Look good! I think coercing to ndarray-double is a decent strategy for the default implementation.

lilian0312 commented 10 years ago

This looks strange:

=> (def mmm [[0.0 0.0 0.0 0.0 1.0] [0.0 0.0 1.0 0.0 0.0] [0.0 1.0 0.0 1.0 0.0] [0.0 0.0 0.0 1.0 0.0] [0.0 0.0 1.0 0.0 1.0]]) mmm => (det mmm) IllegalArgumentException lu-decompose can't decompose singular matrix clojure.core.matrix.impl.ndarray/lu-decompose!-double/fn--9591 (ndarray.clj:1169)

Looks like a bug to me. I am using the default matrix implementation on an ubuntu machine.

mikera commented 10 years ago

Hi @lilian0312 - agreed, that looks like a singular matrix so the result should be zero, right?

As an immediate workaround you can use vectorz-clj which gets the result right.

@si14 - are you able to fix this one in NDArray? If not we may need to plug in an alternative determinant calculation for the time being.
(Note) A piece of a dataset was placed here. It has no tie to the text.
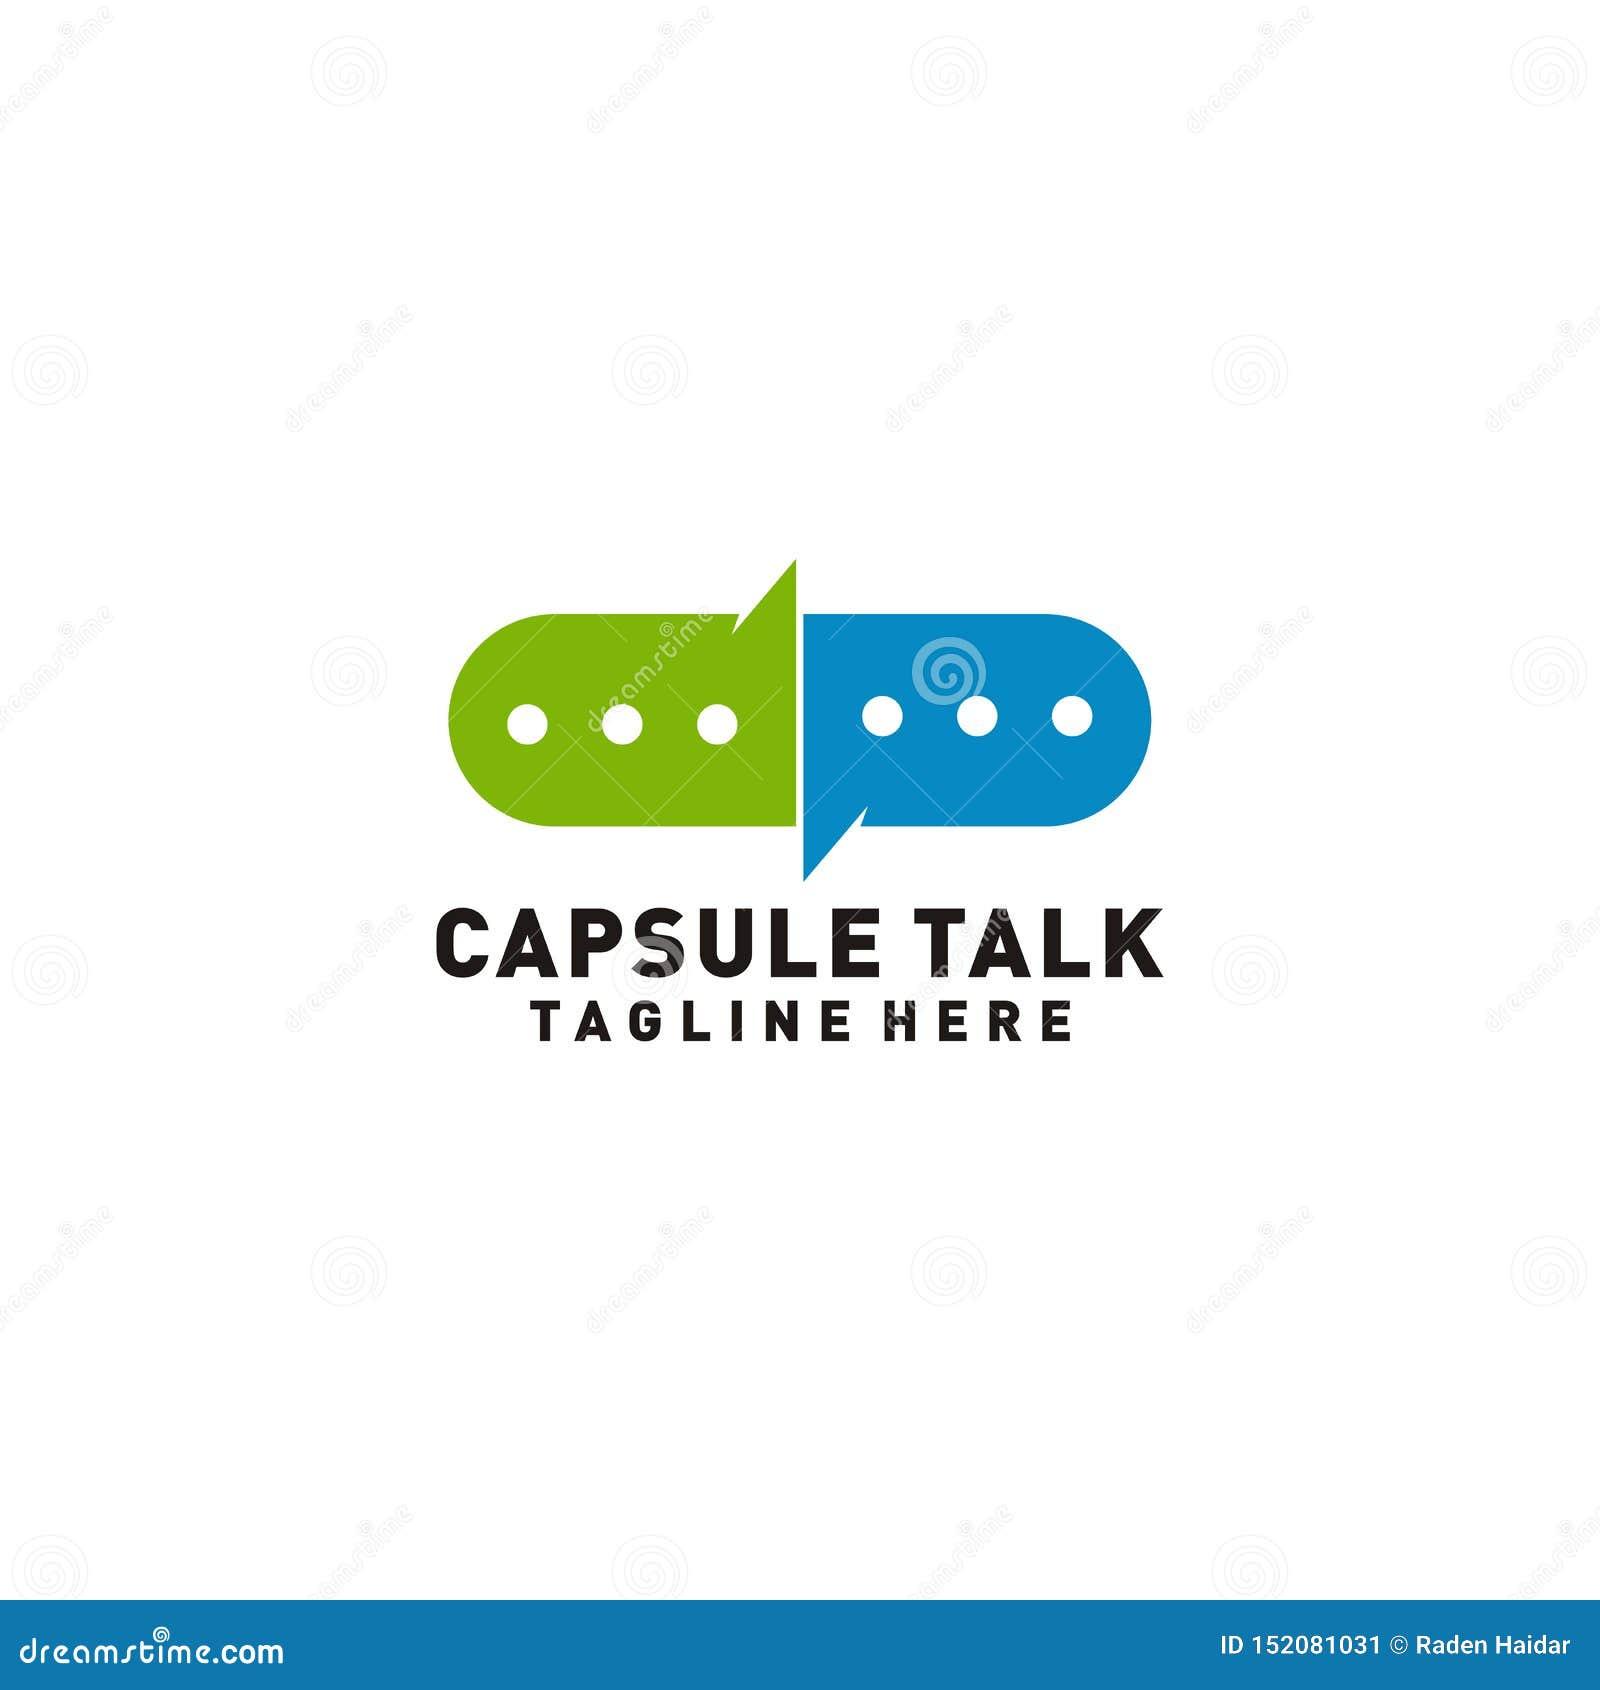 Λογότυπο συζήτησης καψών ιατρικό ή απεικόνιση του ιατρικού συμβούλου

dmarjenburgh commented 9 years ago

This one is open for a while. One easy fix would be to catch the exception from lu-decompose! and return zero. The only problem I see is that the cause for the exception might not be certain. We could throw ex-data instead of iae's, at least within the ndarray namespace and wrap them with iae's for the users of the namespace.

Related, the ndarray invert fn throws an exception while the protocol docstring of inverse says it should be nil for singular matrices. The solution would be the same.

Are you interested in a PR for this if @si14 is not working on it anymore?

mikera commented 9 years ago

Yeah would be good to have a PR if this is still an issue.

I believe the decompose function shouldn't be throwing an error anyway, it should return nil I think if the matrix is singular.